The Role of Prior Practice in the Task

Each dyad completed one interactive and another isolated session (in counterbalanced order—see Figure 1C and Methods). As a result, dyads who took the interactive task on the second session (Figure 1C, bottom row) had the chance to familiarize with the task in the preceding isolated session. Our design (Figure 1C) allowed us to test the possibility that prior, isolated practice could have helped dyads make better joint decisions. We split the dyads into two groups according to whether the dyad took the interactive test in the first or second session. In order to compare the success of collective decision making process, one has to bear in mind that dyads with more sensitive members are expected do well irrespective of how well the dyad members interacted. In order to see which dyads achieved better collective decisions, therefore, dyad performance should be normalized. To perform such normalization, we asked how well each dyad performed compared to what the WCS model expected them to do. As such, this optimality index (i.e., the ratio sdyad /swcs; see Methods) gives a quantitative estimate of how well the dyad fulfilled its potential given its members' individual sensitivities. The closer concordance with the WCS model is associated with an optimality index that is closer to 1.

We compared the optimality index obtained from the dyads that participated in the interactive condition first (Figure 1C; top row) and those who participated the interactive session second (Figure 1C; bottom row). The results (Figure 3B) showed that indeed, the dyads who started with the interactive session performed significantly worse than expected by the confidence sharing model (one-sample t test), t(7) = −6.13; p = .0005, whereas those who took the interactive task after having had experience of the task in the isolated session performed nearly optimally (one-Sample t test), t(6) = −0.68; p = .52. Direct comparison of the two groups showed that the “interactive second” group of dyads showed a significantly higher concordance with the WCS model (independent sample t test), t(13) = −2.12; p = .045. Thus, prior individualized practice without any communication helped participants cooperate more effectively later and realize their collective potential.

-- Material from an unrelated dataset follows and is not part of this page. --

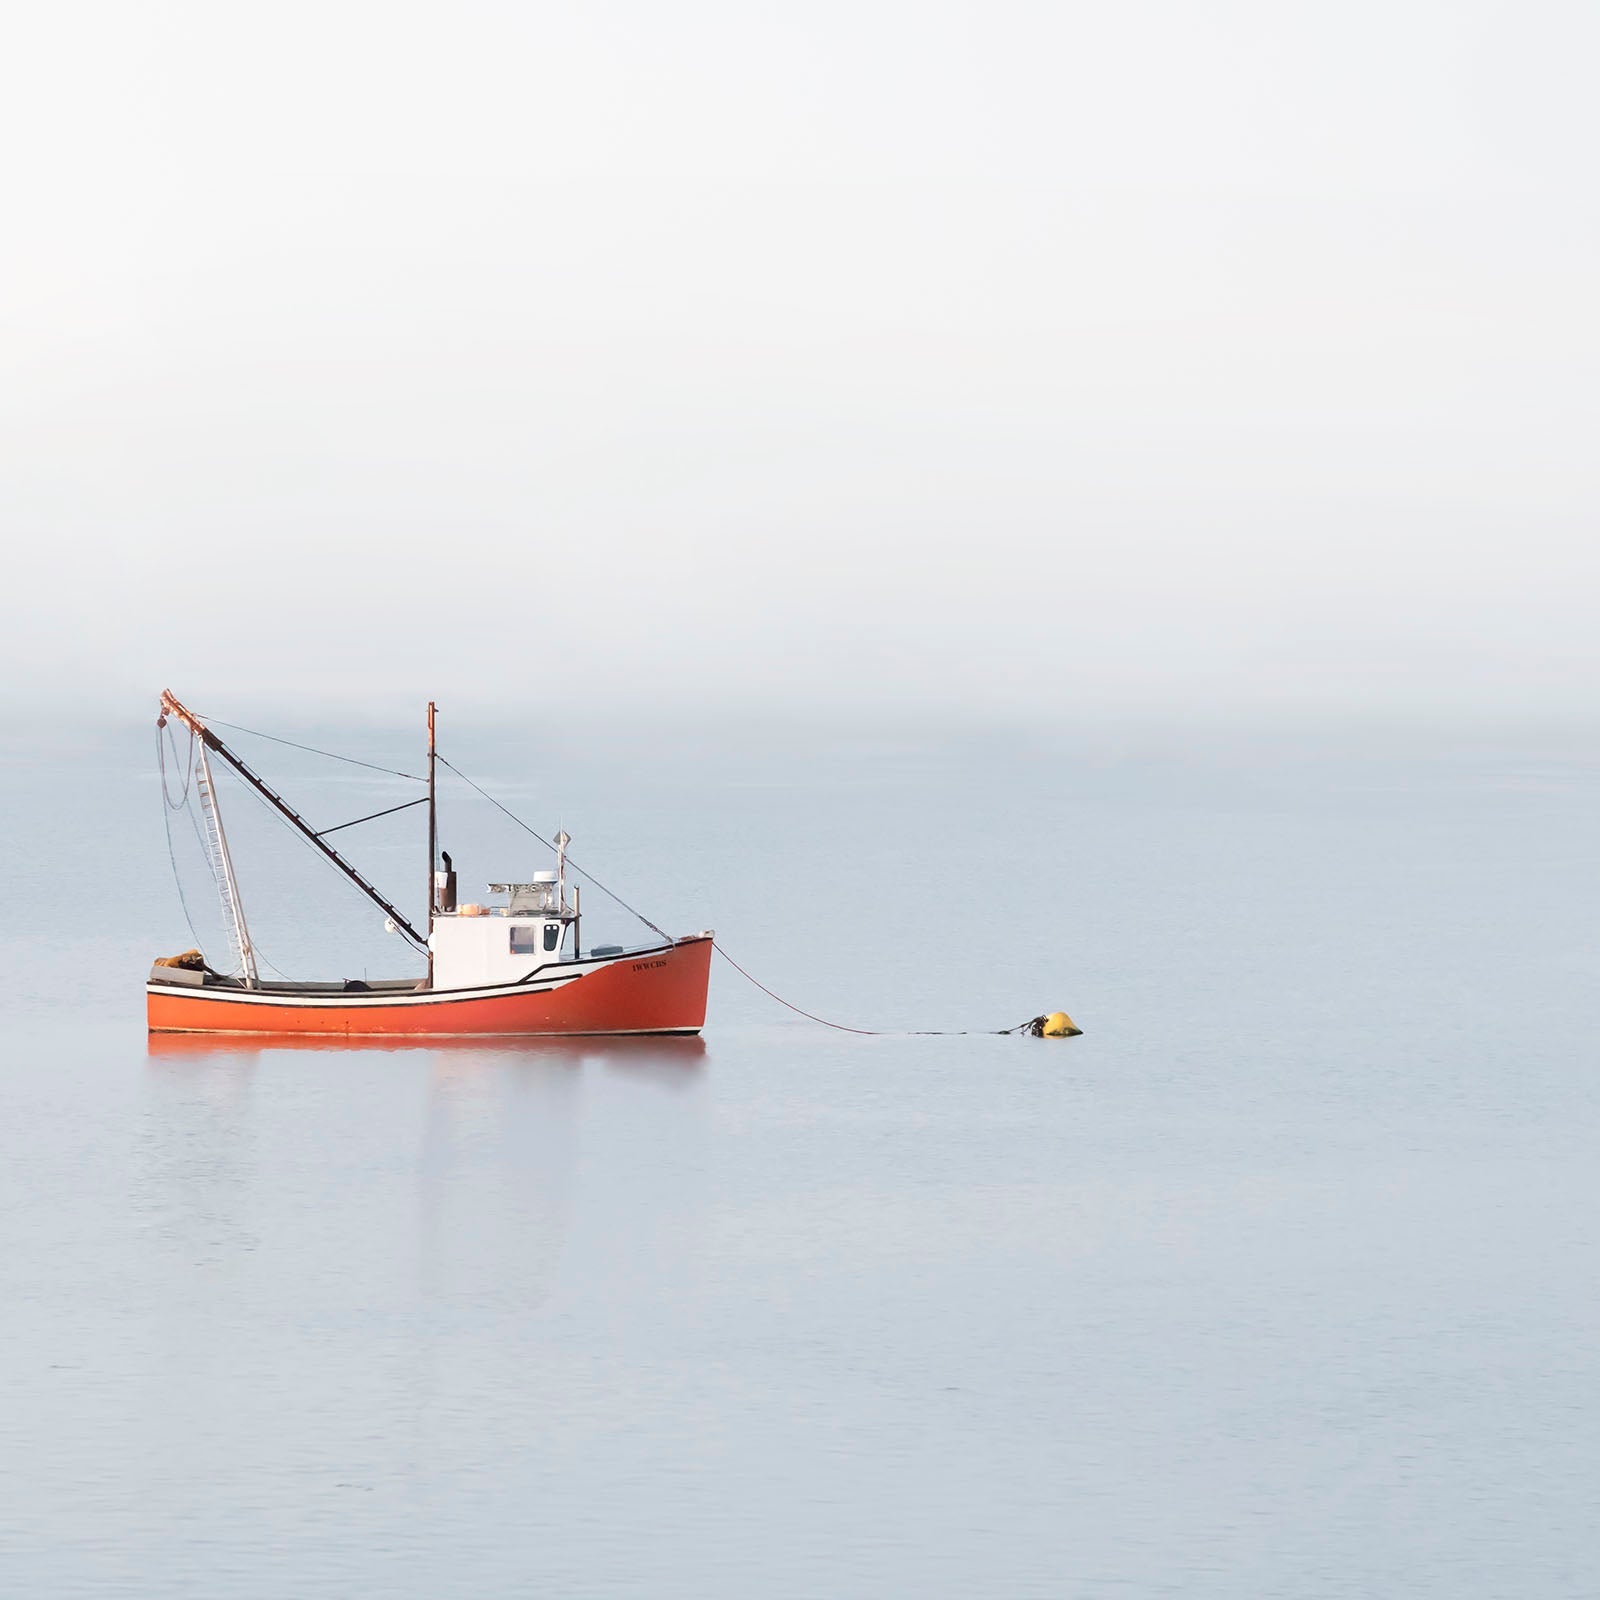 A red boat by itself on the ocean in Lubec, Maine

The Impact of Familiarity Between Dyad Members

A recent study (Bahrami et al., 2012a) showed that dyads that performed a collective visual contrast discrimination task did not need much practice to achieve reliable collective benefit. Dyads tested in that study never had any prior, isolated practice yet displayed robust collective benefit consistent with the WCS model from a very early stage of the experiment. The dyads in that study (but not in the results described above) were familiar with one another. For each dyad, Bahrami and colleagues (2012a) had recruited only one of the participants and asked him to bring along a friend to sit for the experiment together. It is therefore possible that collective benefit reported by Bahrami et al. (2012a) was a consequence of personal acquaintance rather than task practice. To see whether mere familiarity, irrespective of practice in the task, was adequate for achieving optimal performance, in Experiment 2 we recruited another 7 dyads composed of friends who knew each other very well (see Methods) and conducted the exact same interactive experiment with them but all dyads were tested in the interactive session first. The results (Figure 3C), however, showed that familiarity per se did not help dyads achieve optimal collective performance. Collective enumeration sensitivity was significantly lower than the prediction of the weighted confidence sharing model (t(6) = −3.4; p = .014). Moreover, direct comparison of the “interactive first” group of nonfamiliar dyads from Experiment 1 and familiar dyads in Experiment 2 did not show any significant difference between them (Figure 3C; independent sample t test), t(13) = −1.3; p = .22.

The Impact of Social Interaction on Individual Performance

Our design allowed us to investigate the impact of social interaction and joint decision making on individual performance. Our participants performed the enumeration task in isolation or collectively (Figure 1C) in separate sessions. We employed a mixed 2-way analysis of variance (ANOVA; with order as the between subject factor: interactive followed by noninteractive and vice versa; and session as the within subject factor; see Figure 1C) to compare individual slopes. The results (Figure 4B) did not show a main effect for either factor (p > .2). However, a highly significant interaction was demonstrated, F(1, 28) = 24.51; p < .001, indicating the no matter in which order the dyads took the experiment, individual sensitivity was significantly superior in the interactive versus noninteractive sessions; post hoc stats for interactive vs. noninteractive overall: t(29) = 5.01; p < .001; post hoc stats for int vs. nonint for I-NI group: t(15) = 2.91; p = .0107; post hoc stats for int versus nonint for NI-I group: t(13) = 4.55; p < .001.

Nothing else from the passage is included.